The task | Write out the whole listing below exactly, skipping each picture.

Material provided |
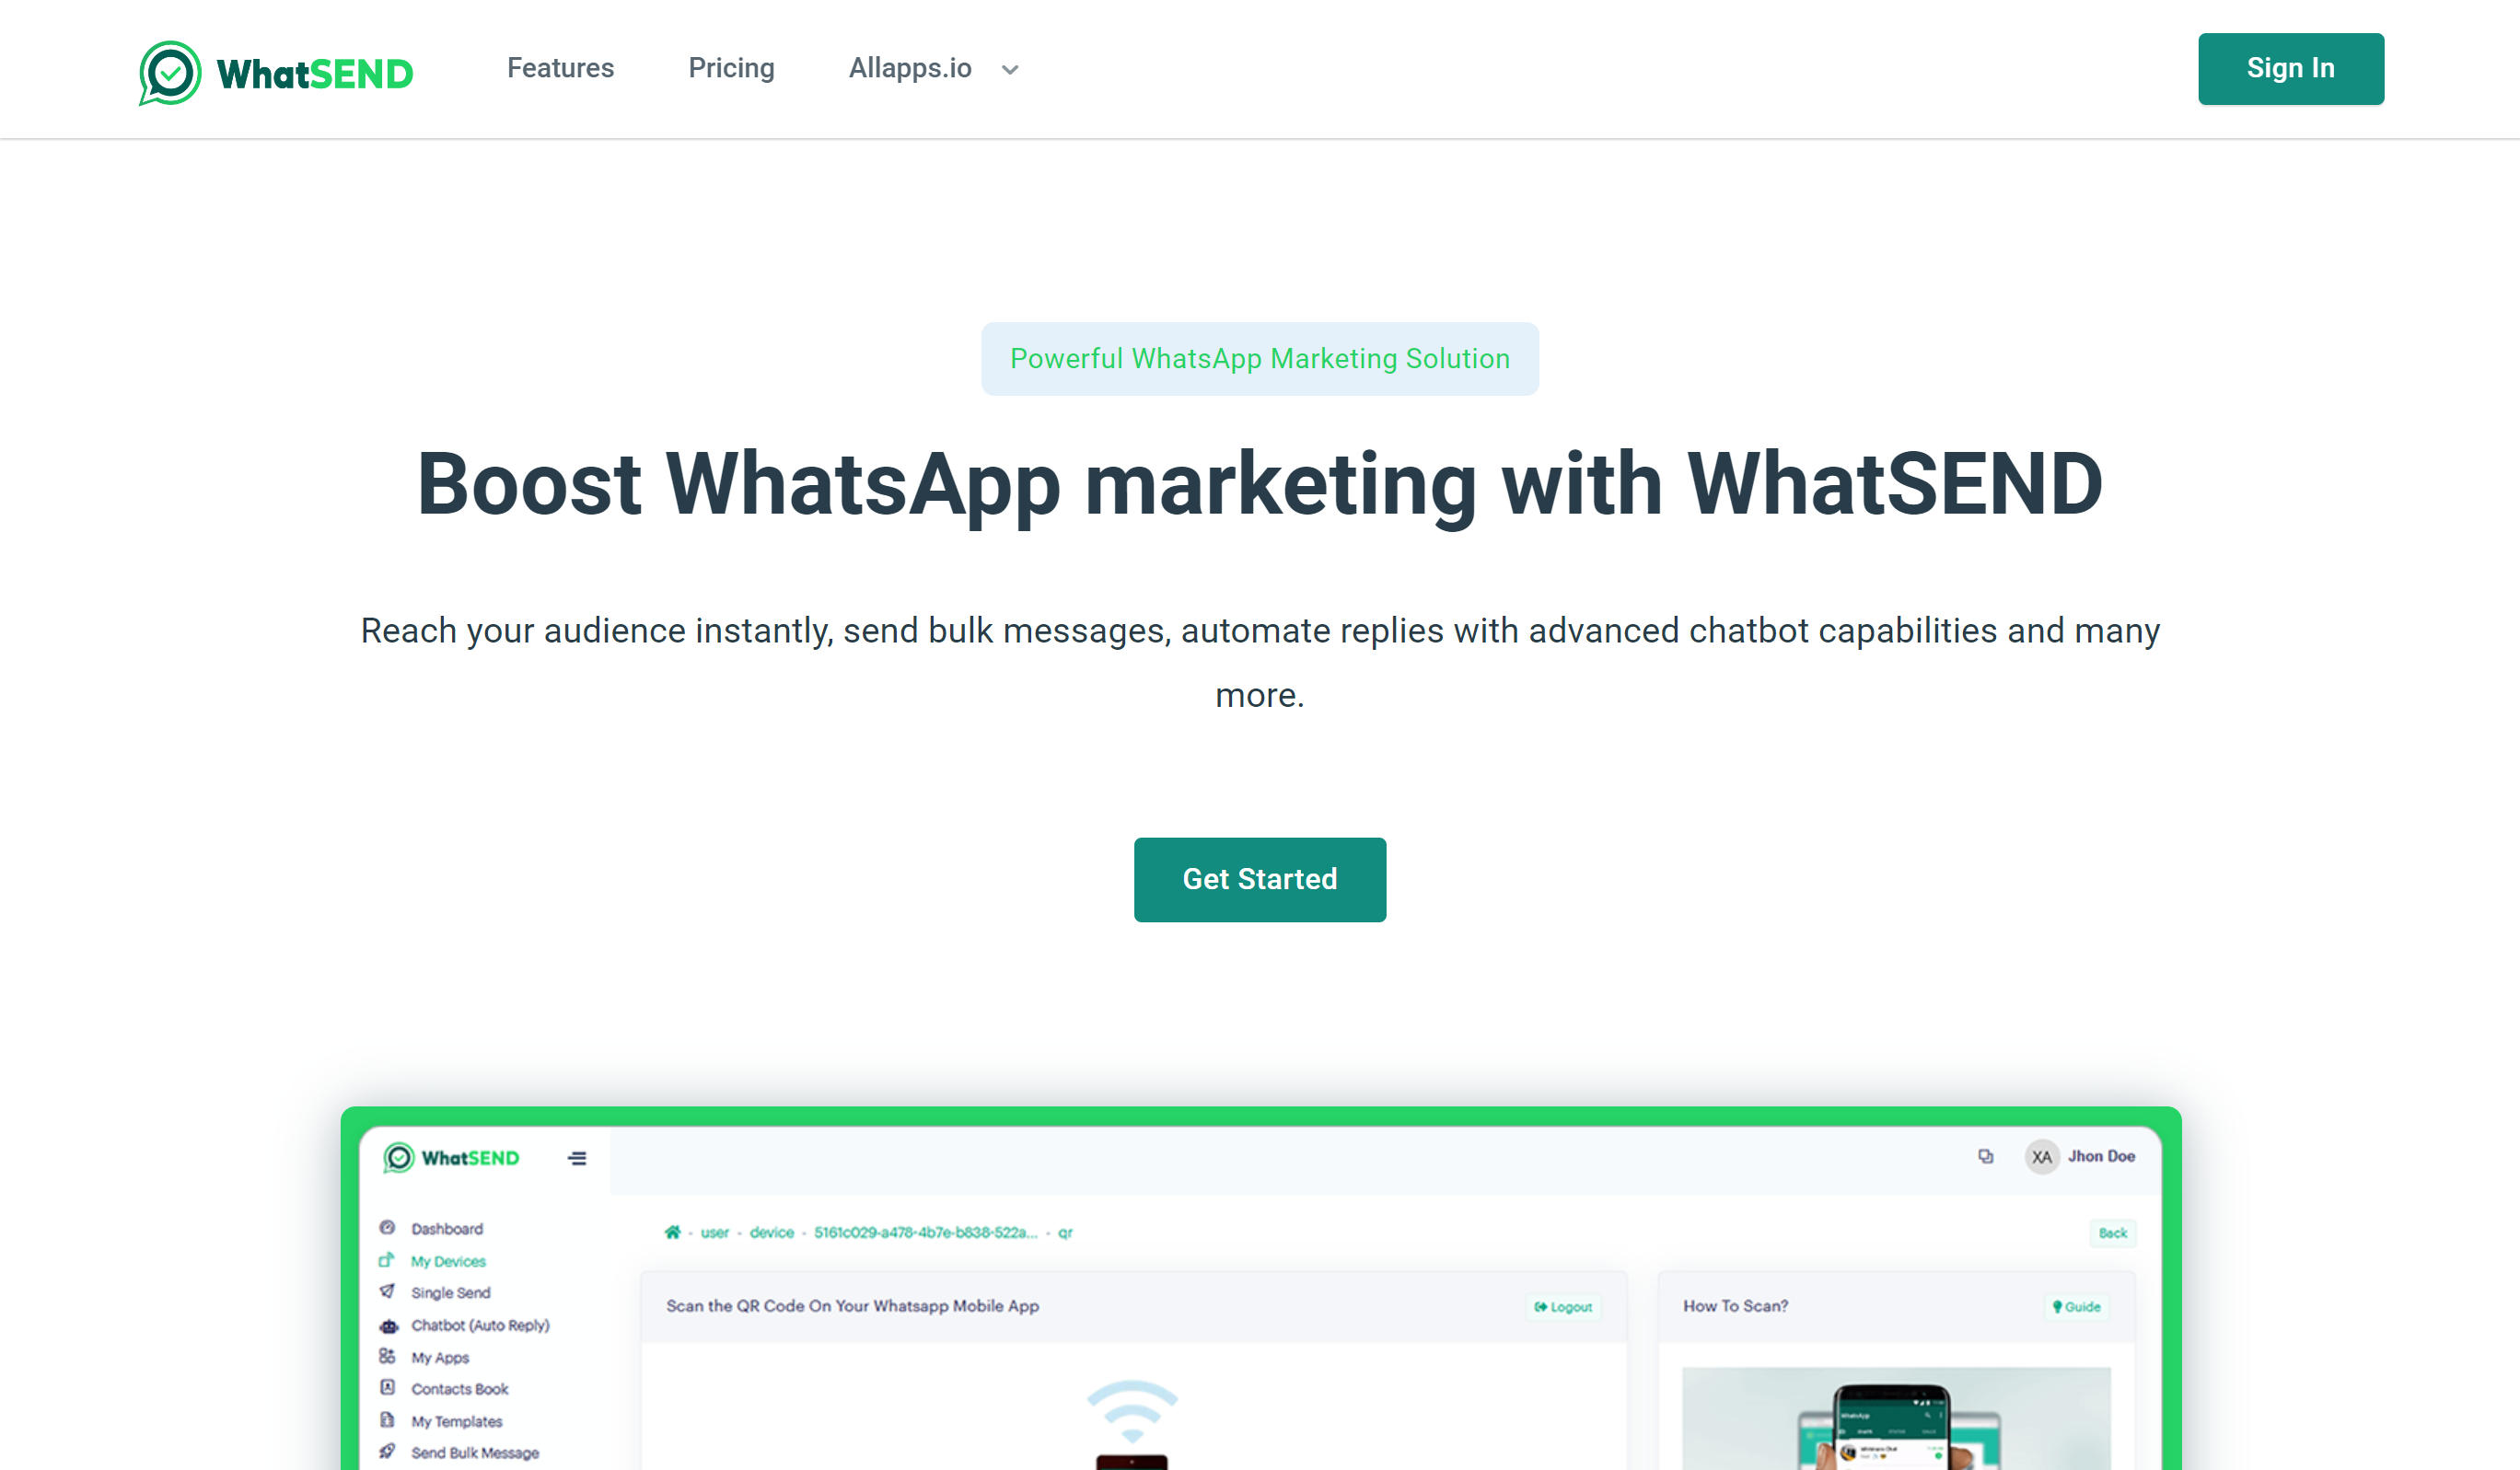 WhatSEND by AllApps.Io Landing page
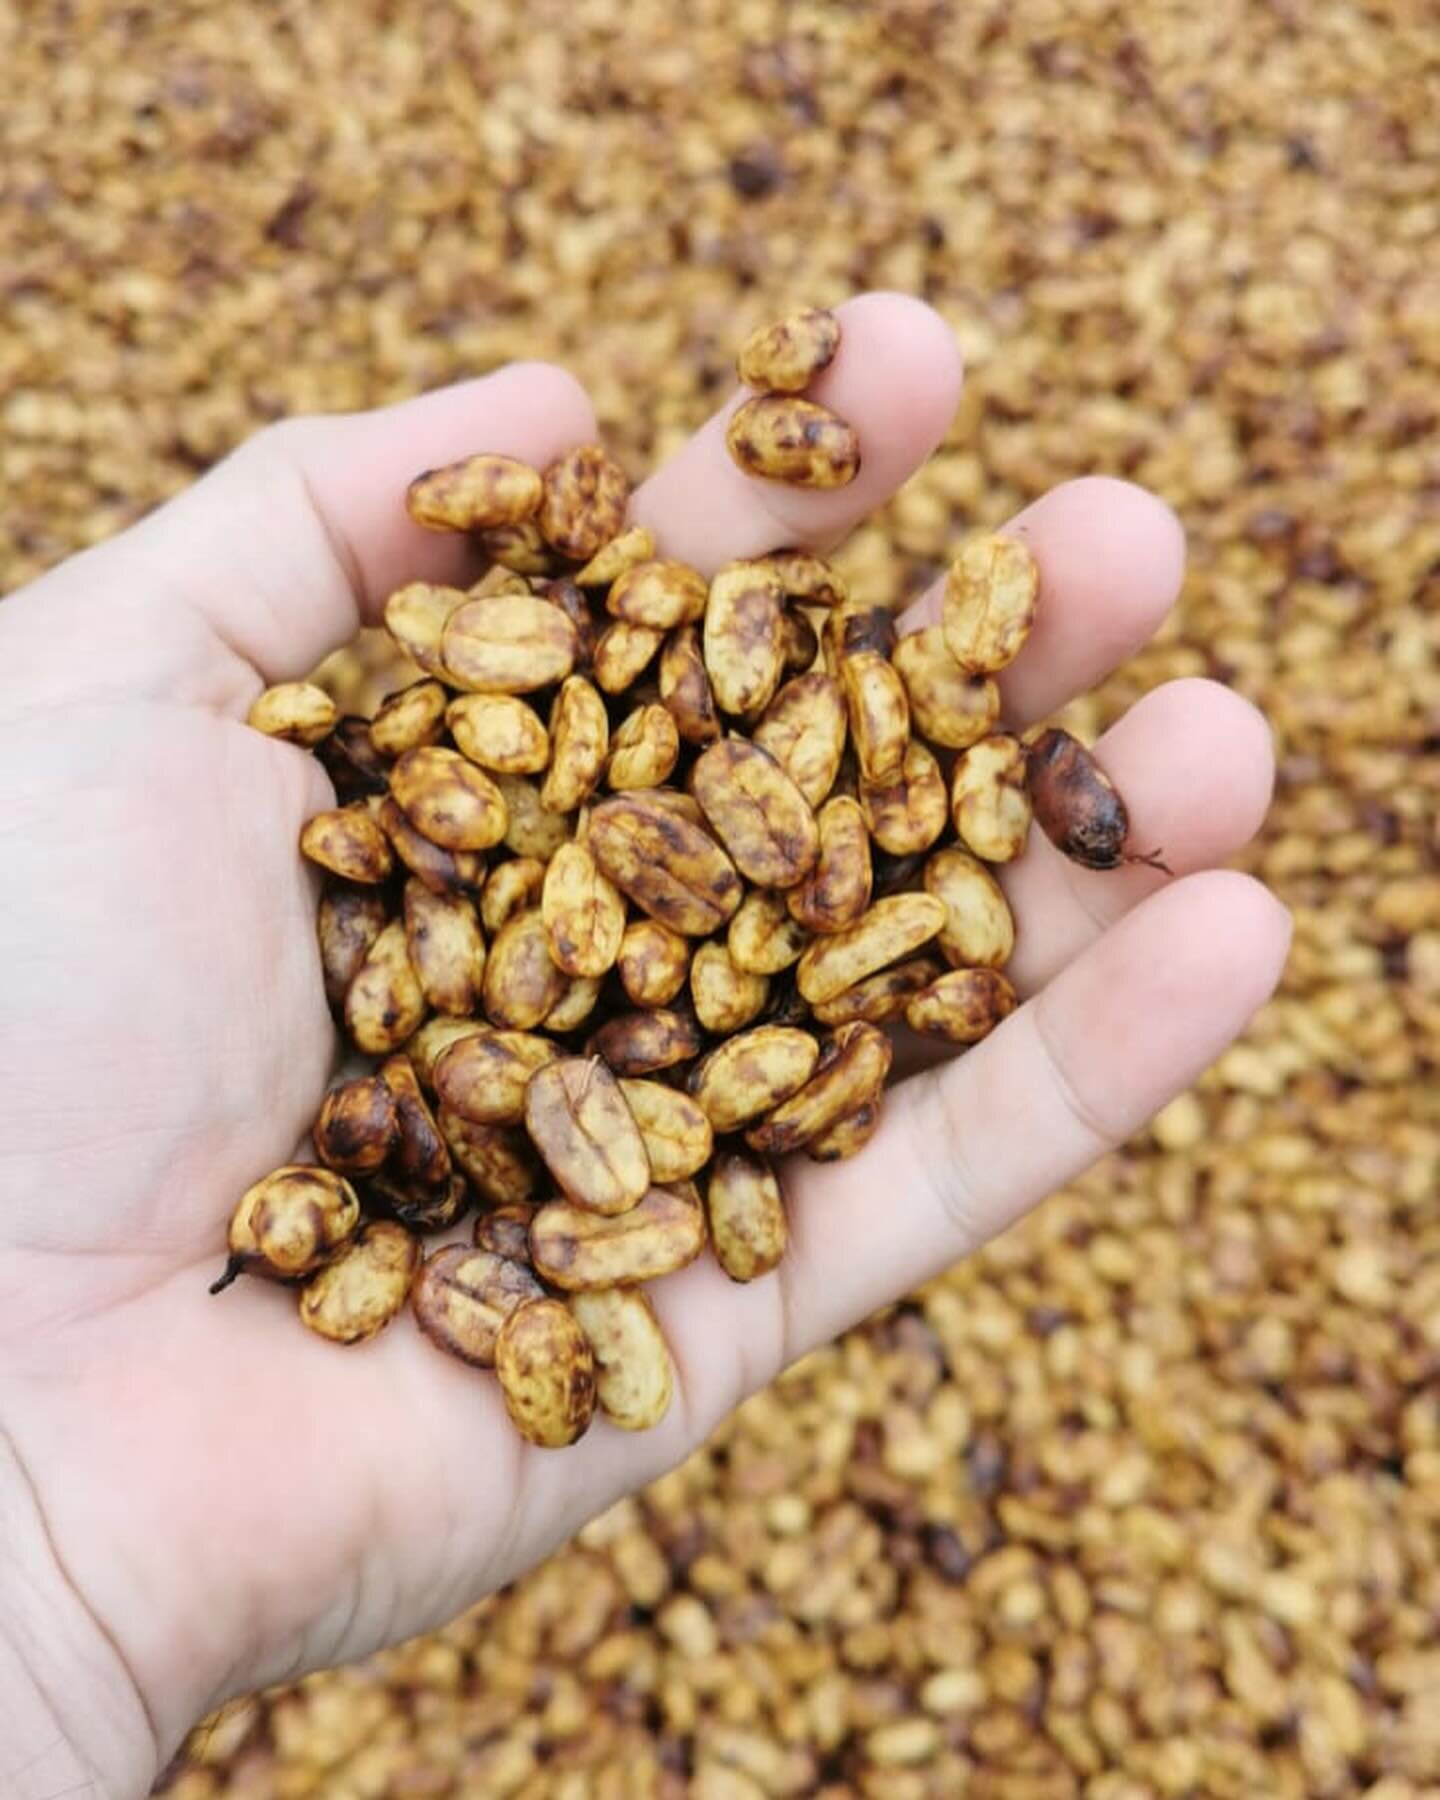 It&rsquo;s harvest season in Panam&aacute;, and everything is looking fantastic! One of our producer partners recently shared some farm photos. In these images, you&rsquo;ll see the natural process of extracting coffee beans from the fruit. This proc
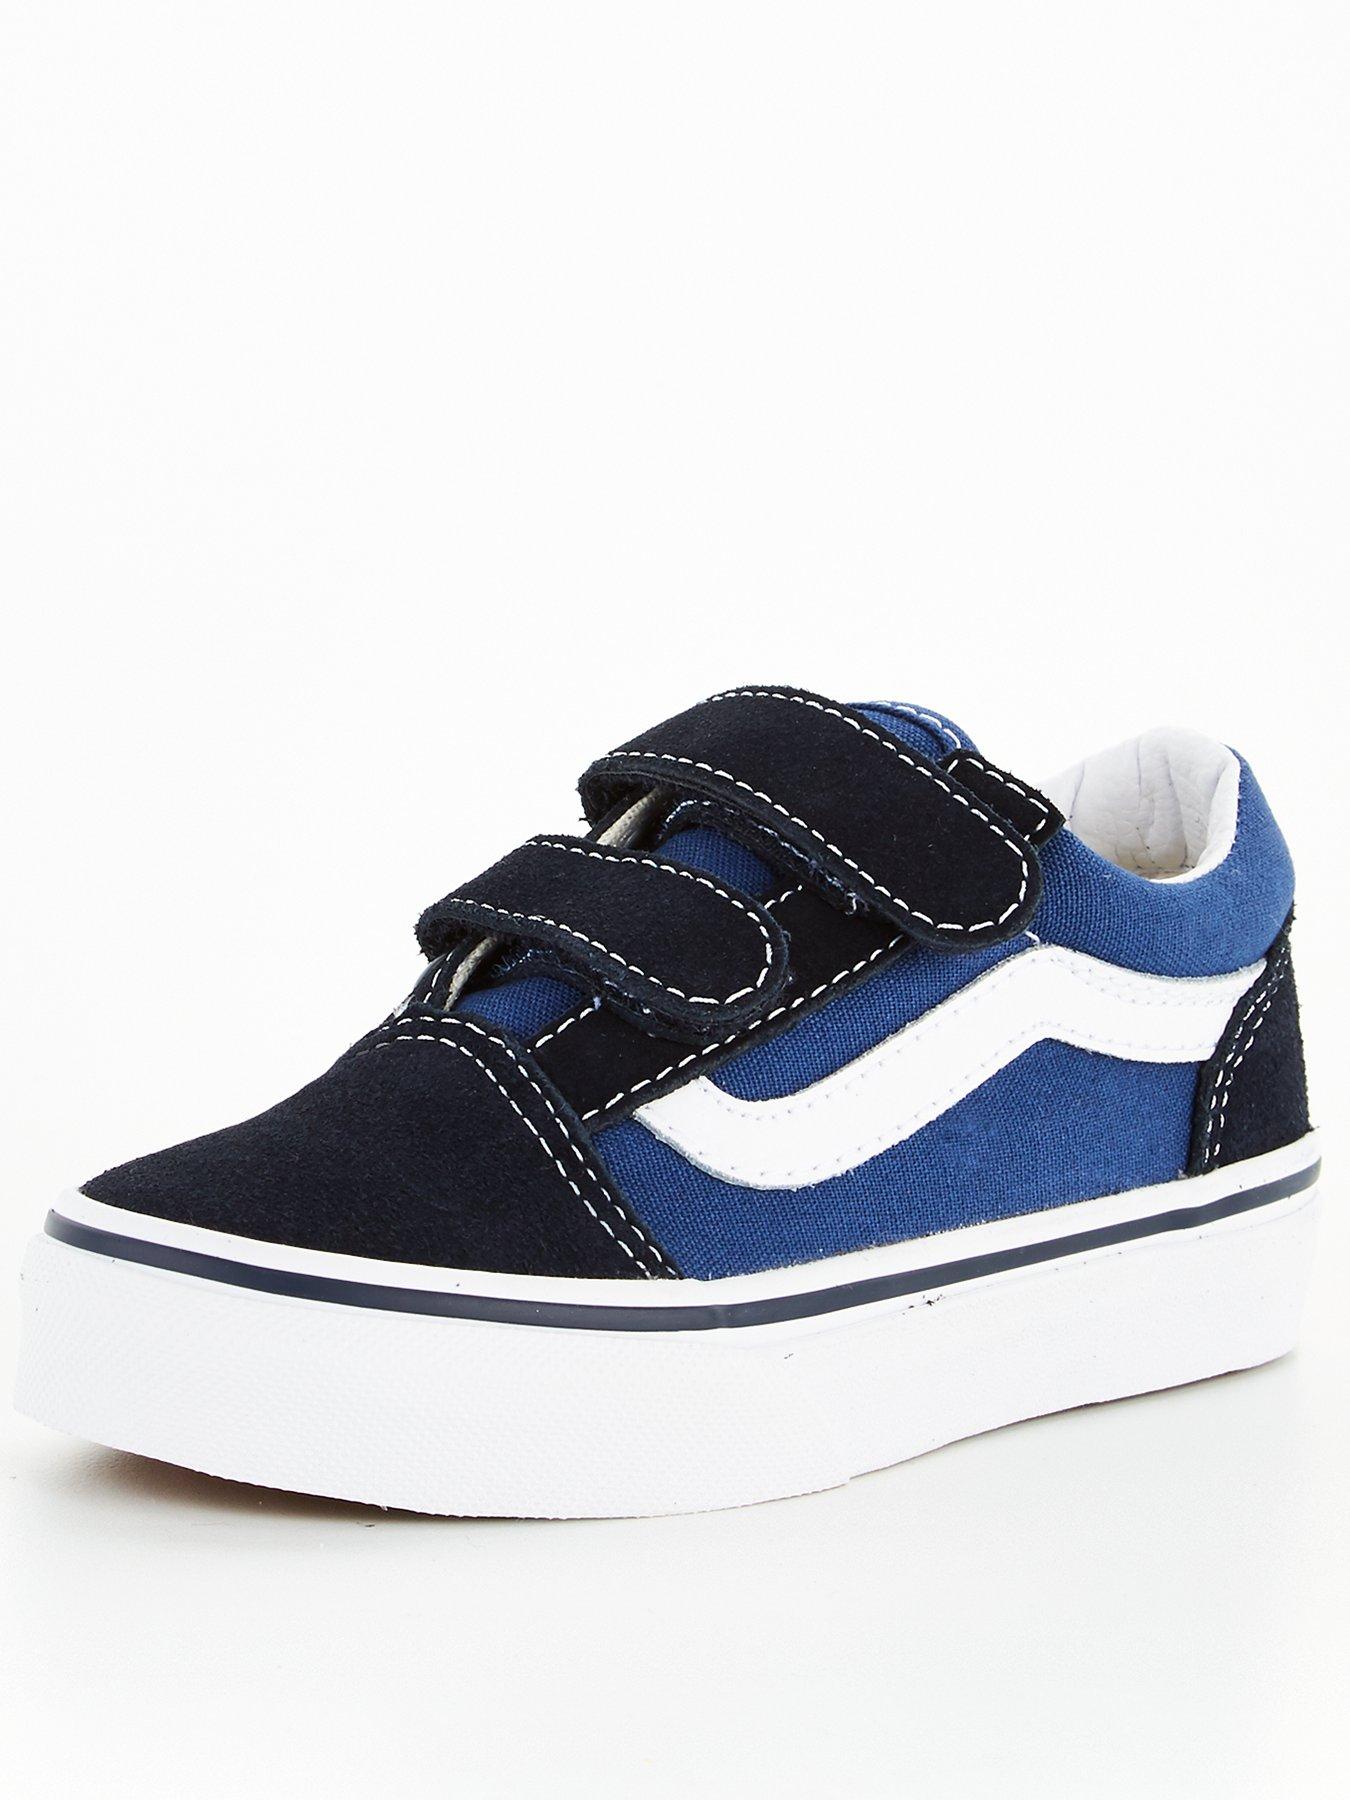 blue vans with straps

Task output |
 WhatSEND by AllApps.Io Landing page
 It&rsquo;s harvest season in Panam&aacute;, and everything is looking fantastic! One of our producer partners recently shared some farm photos. In these images, you&rsquo;ll see the natural process of extracting coffee beans from the fruit. This proc
 blue vans with straps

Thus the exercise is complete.